» **What to produce**
Restate the whole listing below word for word and keep the images out.

» **Source data**
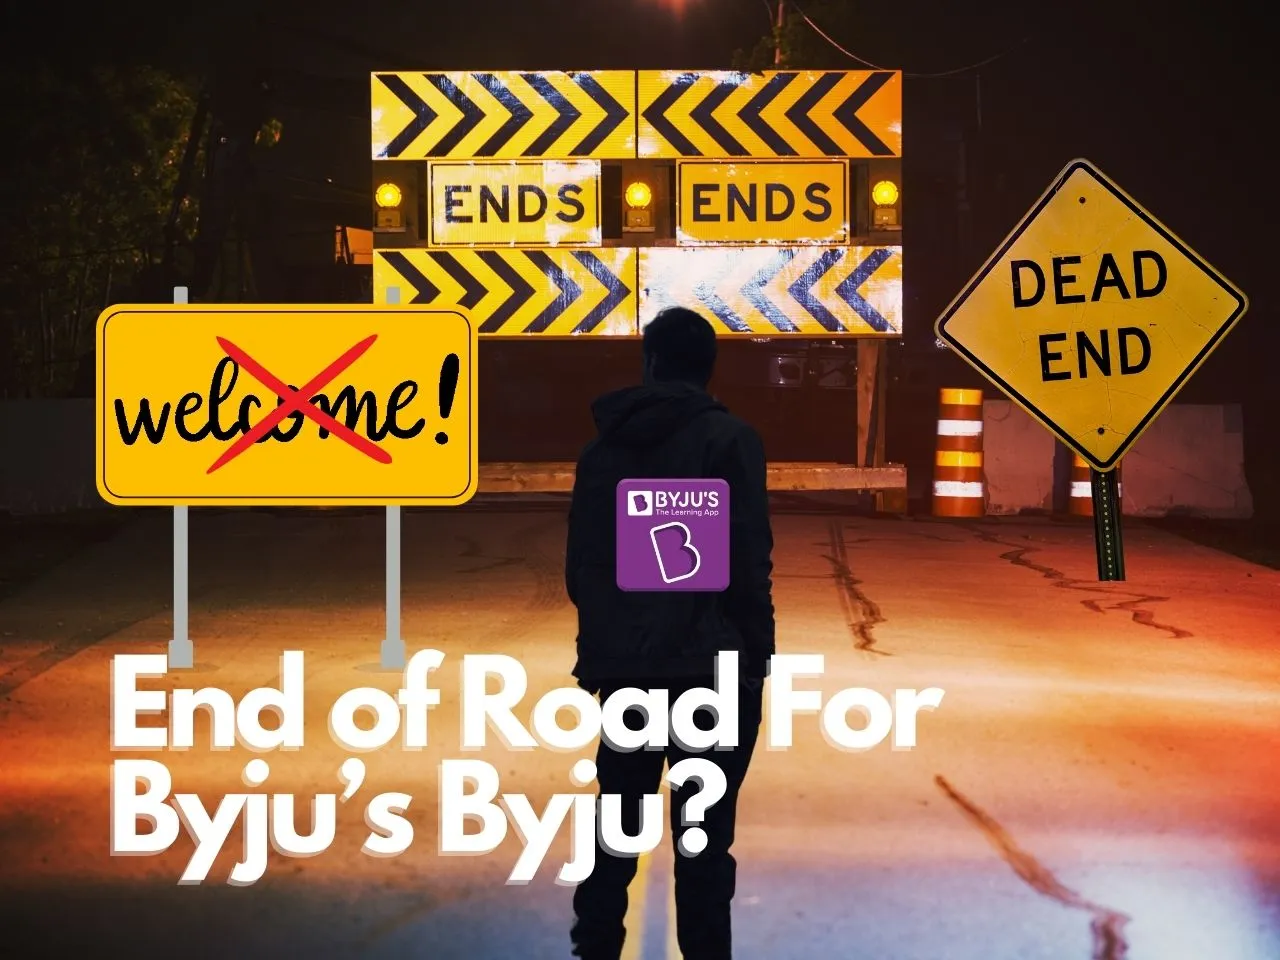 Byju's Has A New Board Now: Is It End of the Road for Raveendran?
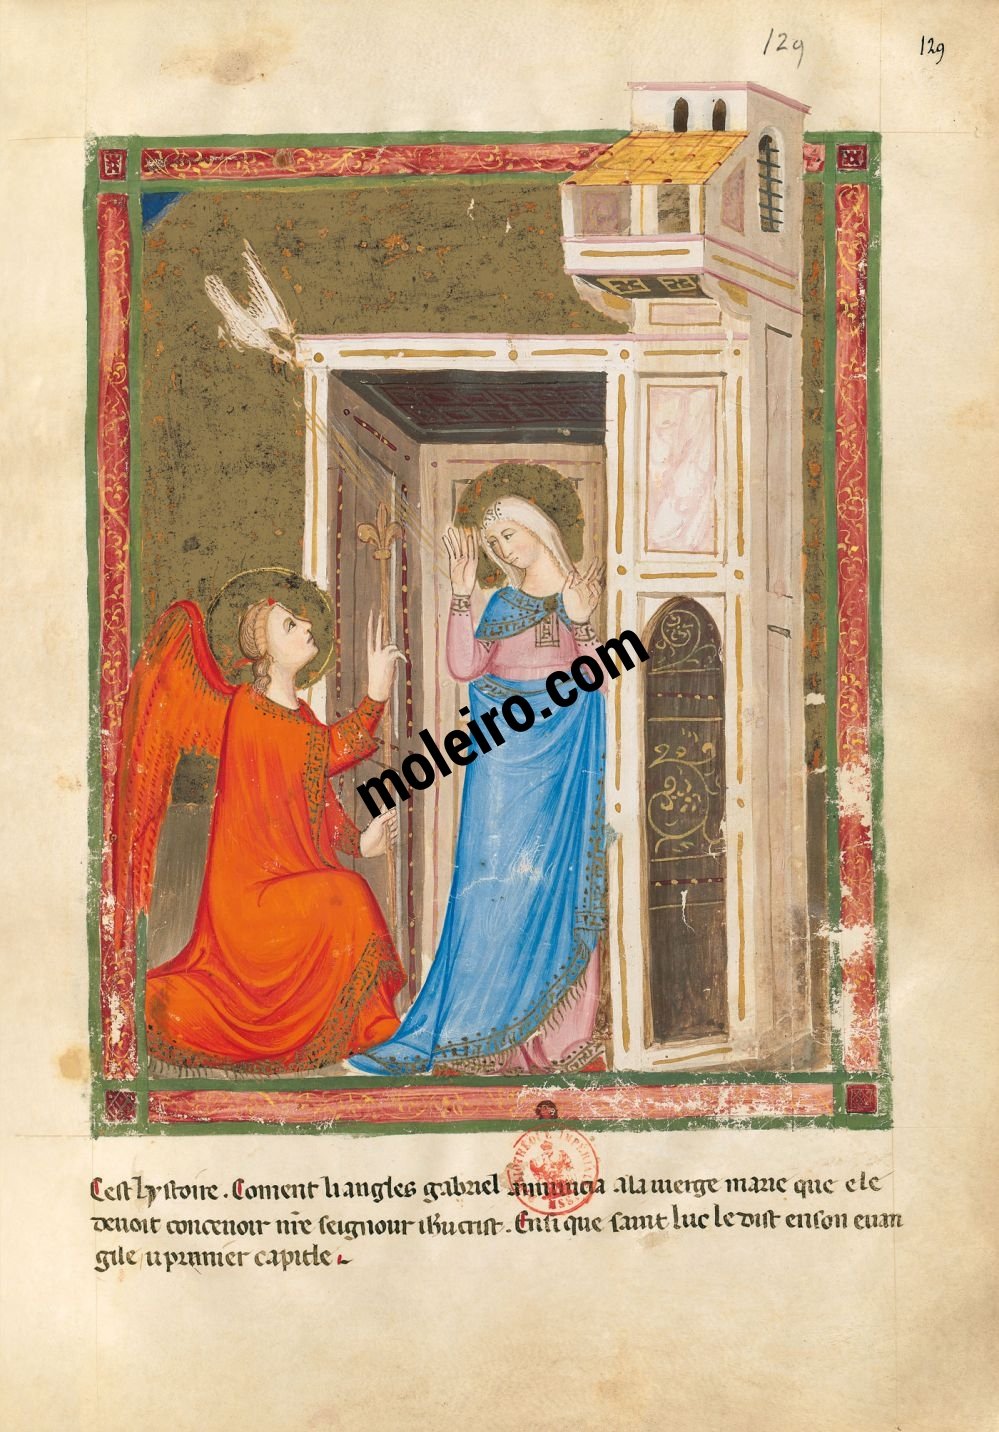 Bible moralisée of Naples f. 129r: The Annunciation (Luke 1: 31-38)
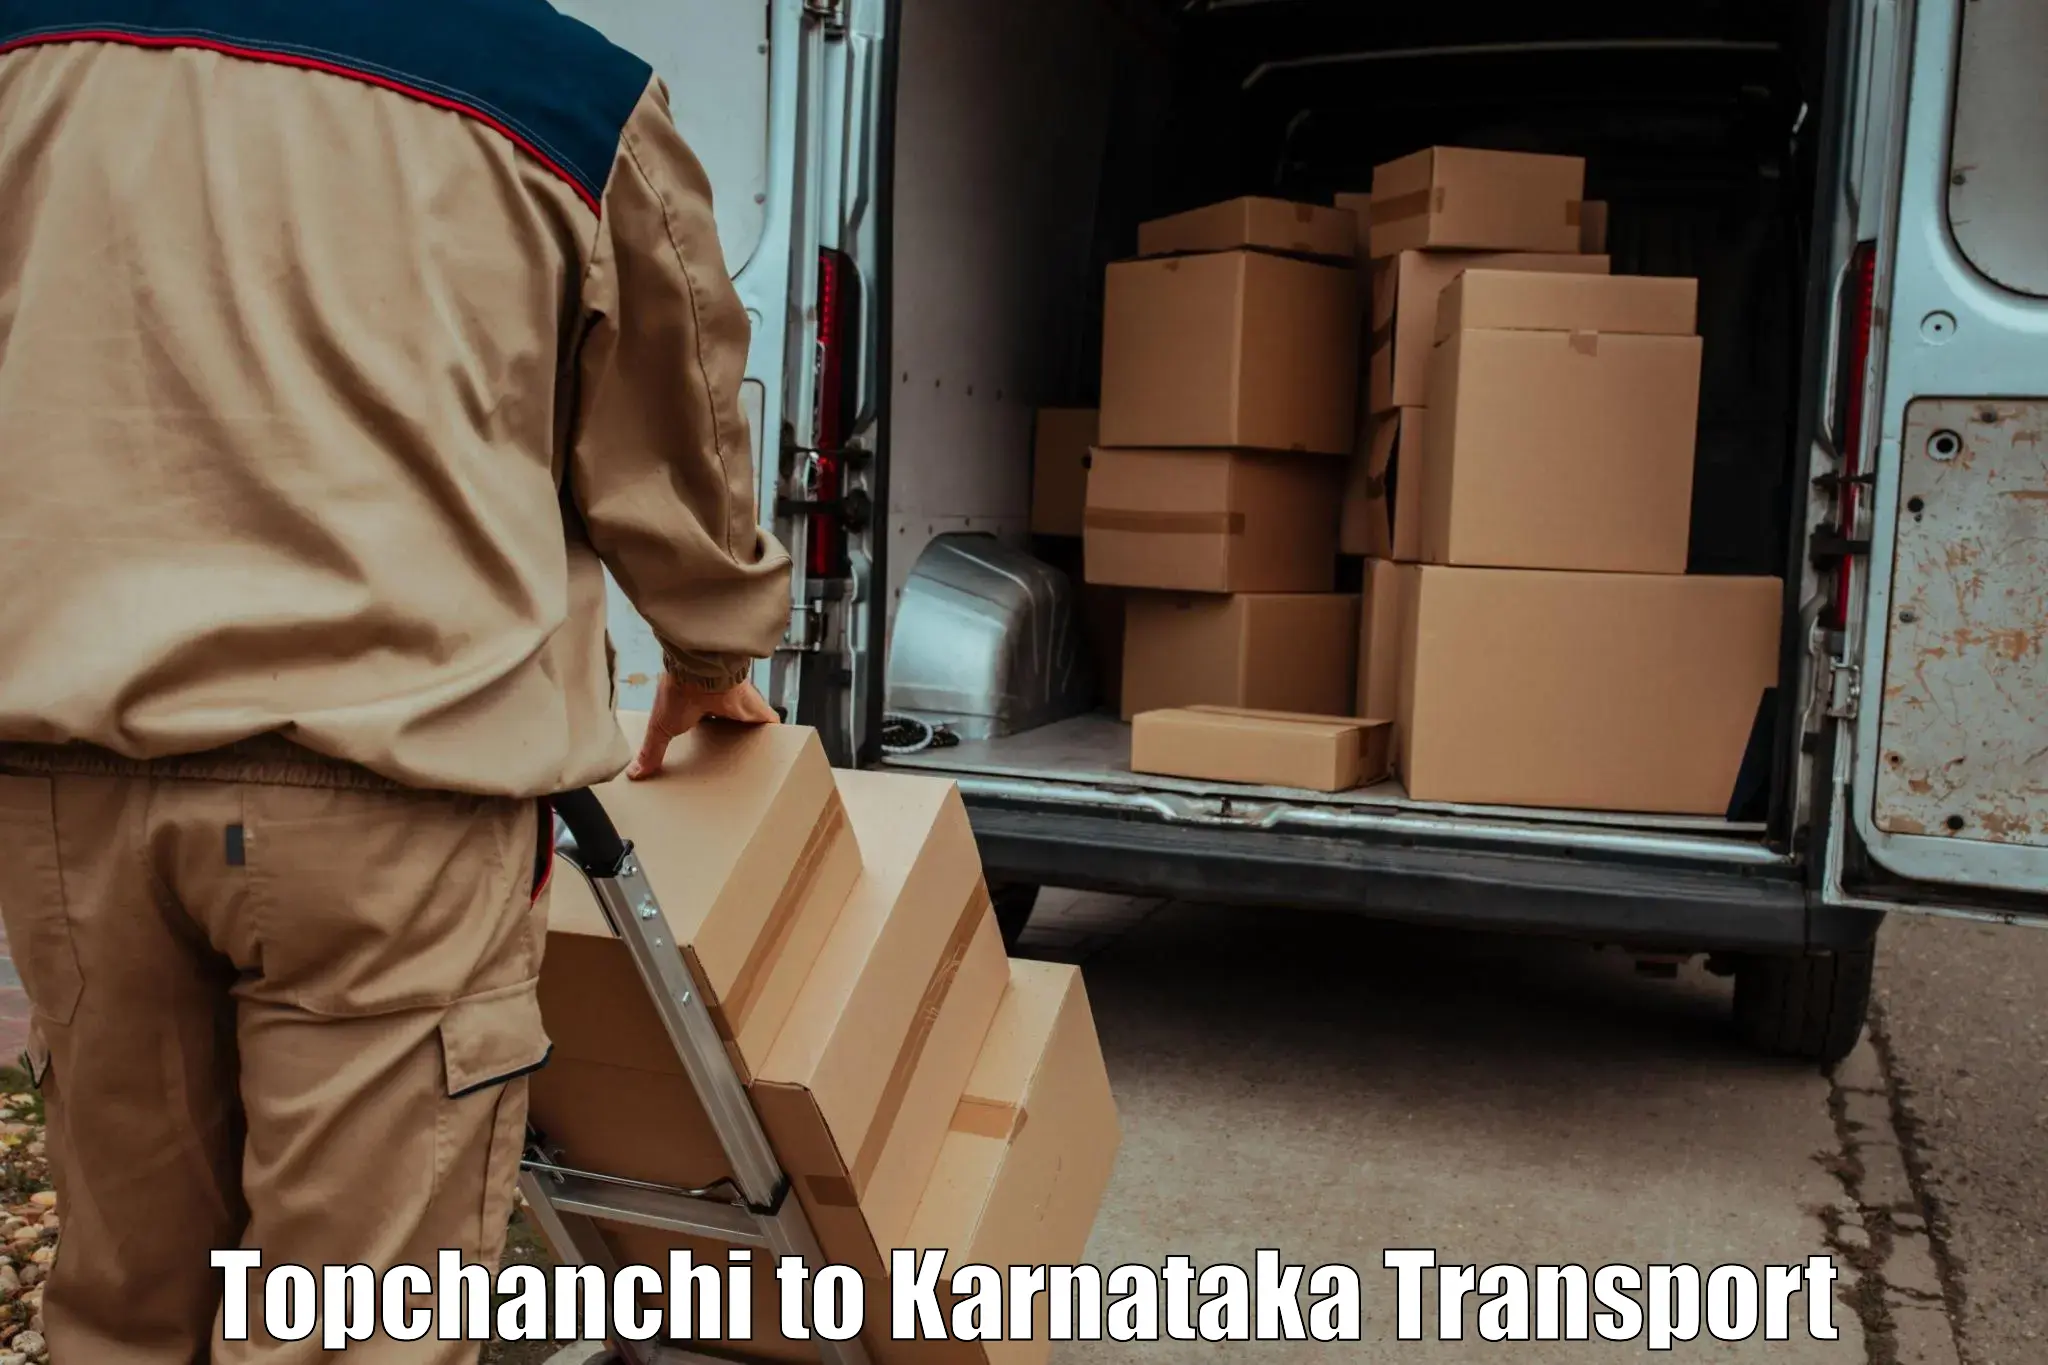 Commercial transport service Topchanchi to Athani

» **Your solution**
 Byju's Has A New Board Now: Is It End of the Road for Raveendran?
 Bible moralisée of Naples f. 129r: The Annunciation (Luke 1: 31-38)
 Commercial transport service Topchanchi to Athani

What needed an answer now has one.